THERE is so much of my own country about which I know so little. Arbroath was one such place, somewhere to pass by on the way elsewhere. It's one of these wee broon toons (the sandstone of the buildings is supposedly red, but then I'm as colour-blind as a bat in a 1930s movie) up the east coast, and I was heading thither to spend the weekend with my old friends, David and Nessie.
David worked at the Hootsmon for 48 years, first as a linotype operator, then in pre-press (something neither of us knew the meaning of) and latterly in IT. He used to pad around the North Bridge nuthouse in sandals, a moving oasis of calm amid the h
ot sands of barely suppressed hysteria. Nessie was a civil servant. She paints wonderful landscapes. Both keep themselves active and interested. David has a super collection of antiquarian books.
His ancestors hailed from Arbroath, and Nessie discovered hers too were from the surrounding Angus area. David runs a website about the Bell Rock lighthouse. His great-great-great grandfather was one of the key men involved in its construction. Later, yon ancestor became a lighthouse storekeeper in my beloved Leith.
David and Nessie keep a lovely little second home in Arbroath, to which they repair when life in Edinburgh's leafy suburbs becomes too constricting. Arbroath is constricted by the big boa of a dual carriageway slithering right through the middle of the place. Makes getting in and oot – and through – pretty straightforward, though.
At the wilfully plain Foundry Inn, an amiable bunch of old guys playing accordions and fiddles sparked mixed memories of other places for me. A group of visitors from Philadelphia, artists of some sort, took it all in. Some looked very Scottish, with fiery red hair. They'd probably heard the place would be jumping, but it was quiet. Many "legendary" places in the sticks turn out to be prosaic, but I liked the unpretentious bar at the Foundry.
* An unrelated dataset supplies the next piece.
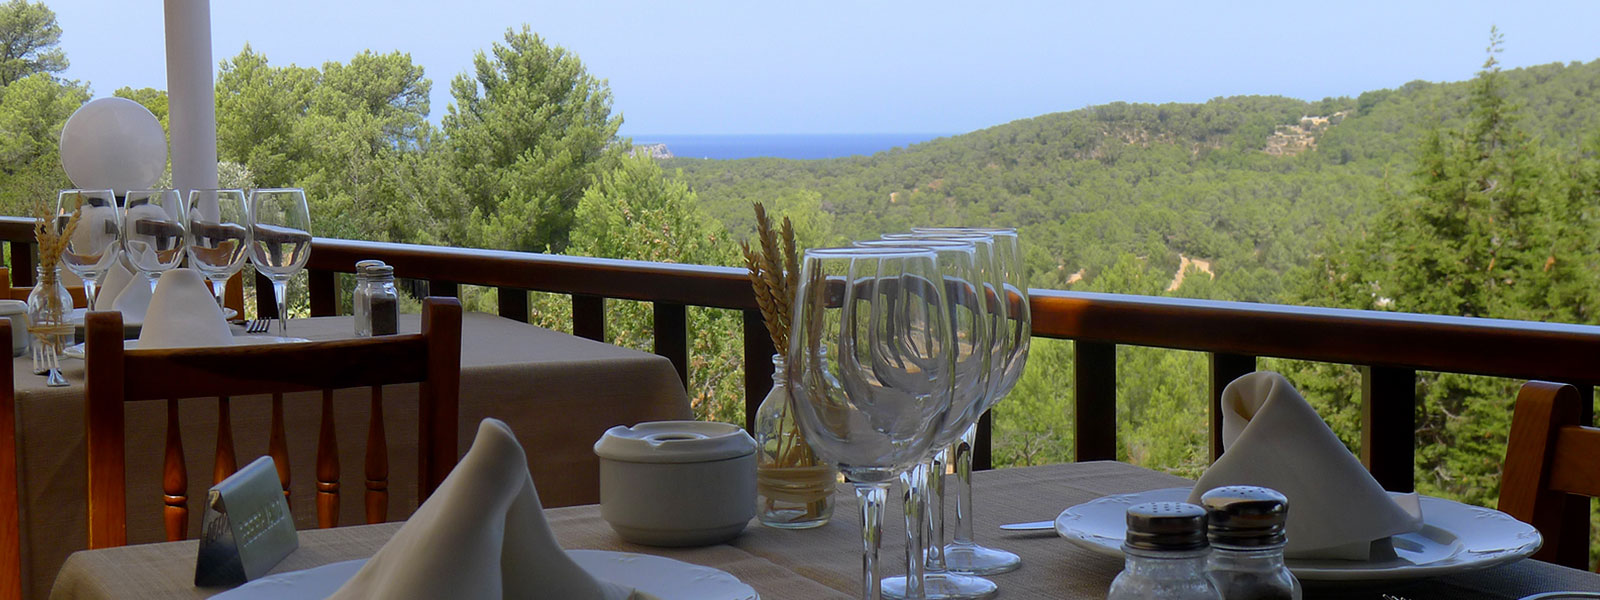 Terraza trasera exterior en Restaurant S'Espartar de Sant Josep de sa Talaia Ibiza

Another night, we went to Wetherspoon's, where it was £1.29 for a pint of IPA. I had to drink several to make sure I wasn't dreaming. For another few quid I could have had a "meal deal". There was no muzak either. Sounds great? Up to a point. For it was THE place to be in Arbroath, so there were burdz with skirts up to here and baldies with tattooed biceps. Biceps have become a bore. You can't move for them nowadays. How kinder men looked back in the Sixties and Seventies. Now the look is determinedly brutal.
But enough of boozers and biceps. Let's leave town. The village of St Vigeans is actually just on the outskirts. We'd come to look at the graveyard, as you do. It sits on a mound, with the parish church at the top, and the ground so steep that some folk must have been buried standing up. St Vigean was originally St Feichin, incidentally, an Irish name that sounds like it might have been made up by Father Ted.
Such a quiet, atmospheric place. We heard ethereal singing from somewhere. Back in the car, switching on the radio, we found it was coming from Classic FM. What a delight to see the Pictish stone at Aberlemno. I'd seen it so often in photiegraphs. No one knows what the symbols stand for. Probably a load of rubbish. In the past, unbelievable though it sounds, people were even thicker than they are today.
Inside the church, the minister's pulpit seemed hemmed in. In the past, he'd have been literally looked down upon by the lairds. Maybe he still is. Aargh, already my blood is starting to boil! Lairds! They still own vast tracts of the lands, when these are not foreign-owned – something forbidden in other countries. Doesn't matter to me where they're from. The idea that someone "owns" thousands of acres, and can fence these off from the citizenry, is absurd and immoral. Excuse me a second, while I have a stiff drink. It's either that or headbutt something.
Ah, that's better. I just headbutted the door. Oh, the joy of quiet roads. It was like being back in less mad times (which people then thought mad, or certainly madder than the past, when everything seemed better but, generally speaking, was worse). Some roads were neither single-track nor comfortably wide enough for two cars. There were no passing places, which is a problem in these in-betweeny, not quite Highlandy places (where single-track roads predominate and have passing places every few yards). But we managed fine in David's dinky little Honda Jazz.